Abstract

It is a rule in academic life that many hands make heavy work—never more so, one might fear, than when a conference on Origen's prolix Commentary on John gives rise to a volume greater in bulk than the original. Yet if any commentary deserves a commentary, it is this profound and enigmatic masterpiece, which contains the germs of all Christian orthodoxy after Origen as well as a more candid presentation of his idiosyncrasies than any other work, including the De Principiis. The 22 participants in this conference, held in Rome in 2004, have approached their task with the skill and patience characteristic of the ‘Gruppo Italiano di Ricerca su Origene’. Manlio Simonetti sounds the keynote in ‘Il Commento a Giovanni tra esegesi e teologia’, showing that Origen's hermeneutic of the written word is grounded in the twofold character of Christ the Word as the immutable wisdom of God and as the agent of a manifold creation.
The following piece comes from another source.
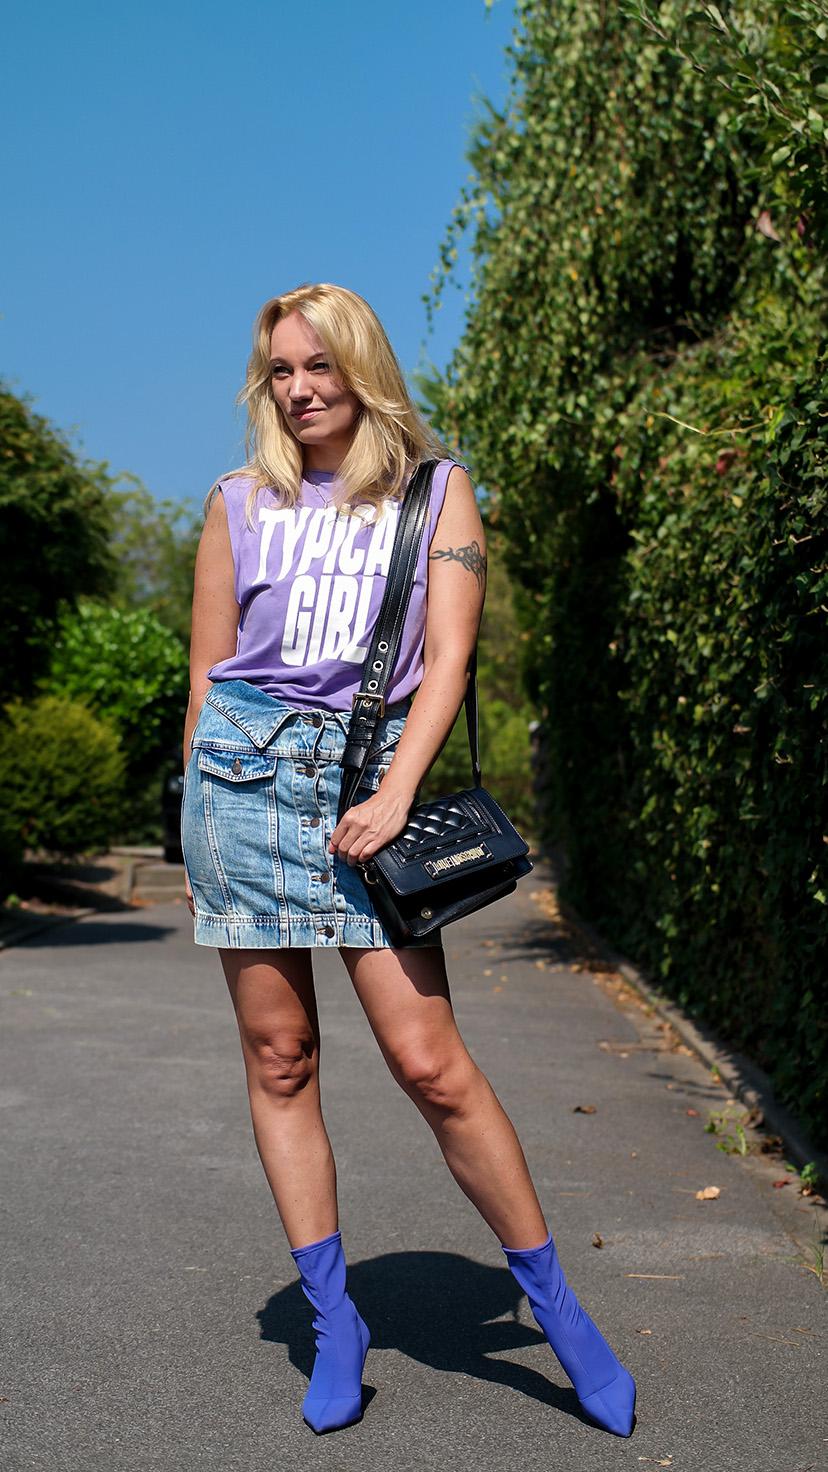 Der Sommer neigt sich langsam dem Ende. Bevor wir uns modetechnisch jedoch dem Herbst zuwenden, wollte ich noch einmal ein letztes Sommeroutfit zum Besten geben! Im Love Moschino Allover Look | Hot Port Life & Style | 30+ Style Blog

But if the tools are furnished by his theology, it was the whimsical hypomnema of Heracleon, the Valentinian teacher, that provided the occasion for Origen's commentary: in ‘Il profilo litterario del Commento a Giovanni’, Lorenzo Perrone notes that he takes pains to outdo Heracleon in the use of demonstrative arguments, in attention to the structure of the Gospel, and in the juxtaposition of every text with its cognates, so that Scripture in its entirety becomes his canon for the interpretation of any one verse.